Faits divers Fiches Interpol et Schengen : la police fédérale a supprimé son arriéré en matière de terrorisme.

Un rapport du Comité P relève que, trois ans après la mise en évidence de retards considérables au sein de la police fédérale dans le traitement des signalements internationaux par Interpol et Schengen, des progrès ont été enregistrés dans la gestion de l’information policière internationale. Une meilleure gestion a permis de rattraper une partie de l’arriéré de plus de 42.000 fiches. Et si son rapport cite un retard actuel de 9.000 à 14.500 signalements Interpol non traités, le Comité P se réjouit de constater que la police fédérale n’a "en principe" plus aucun arriéré en matière de signalements liés à des faits de terrorisme.

C’est en 2014 qu’un rapport du comité de direction de la police fédérale avait constaté des retards importants dans l’encodage dans la BNG (banque de données nationale générale) ainsi que dans le traitement de 42.500 signalements étrangers - 14.500 messages Interpol et 28.000 signalements Schengen - envoyés à la police belge.
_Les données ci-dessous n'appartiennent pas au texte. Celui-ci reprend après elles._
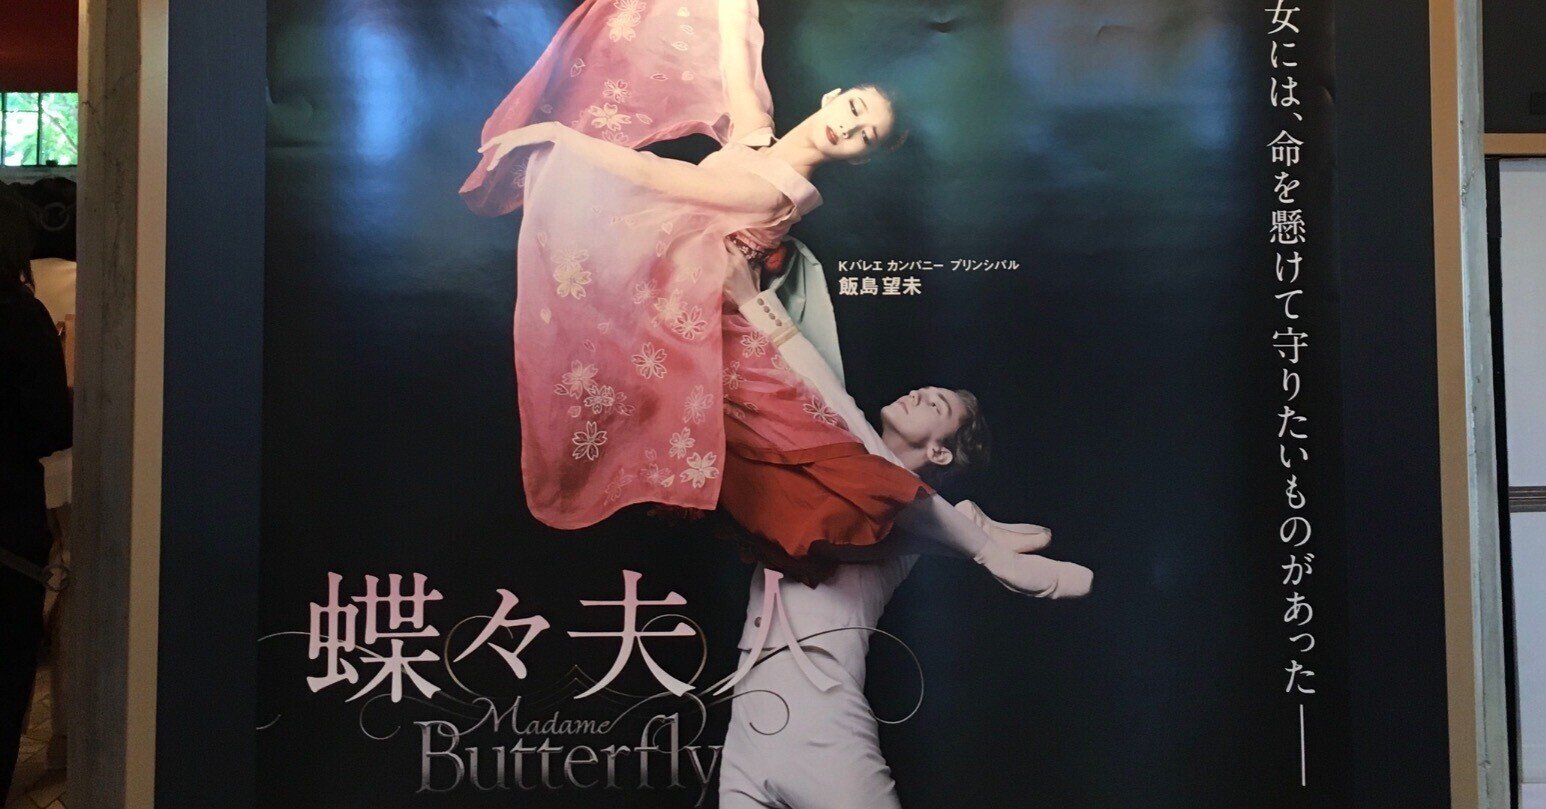 Kバレエ『蝶々夫人』2023Spring 5/24マチネ@東京文化会館大ホール

Selon le Comité P, des criminels pouvaient ainsi séjourner sur notre territoire sans être inquiétés lors des contrôles. Les familles de personnes retrouvées pouvaient ne pas être prévenues à temps. Des disparitions inquiétantes, des victimes d’enlèvements, des personnes disparues retrouvées, n’étaient pas mises en relation avec des signalements internationaux. Des désignalements étaient exécutés tardivement. Et lors d’opérations de police, les services sur le terrain pouvaient ne pas être informés des messages internationaux concernant des criminels recherchés !

S’il pointait des problèmes d’effectifs et de technologie dépassée, le Comité P attribuait aussi la situation à "un véritable esprit de clocher entre différents bureaux". Le principal service était réduit à 50 % de ses effectifs alors que sa charge de travail avait augmenté de 40 %.

Le Comité P se veut positif. En lien avec le plan d’optimalisation de la police fédérale, "des mesures efficaces ont été prises et appliquées". En interne, un nouveau chef de service et de nouveaux chefs de section ont insufflé une nouvelle culture de travail. Des procédures ont été mises en place pour s’assurer que "personne ne passe désormais à travers les mailles du filet". La priorité a surtout été donnée à la menace que fait peser l’État islamique et à la problématique des combattants de Syrie.

Le Comité P insiste pour une meilleure intégration de l’information policière internationale dans les outils mis à disposition des policiers sur le terrain.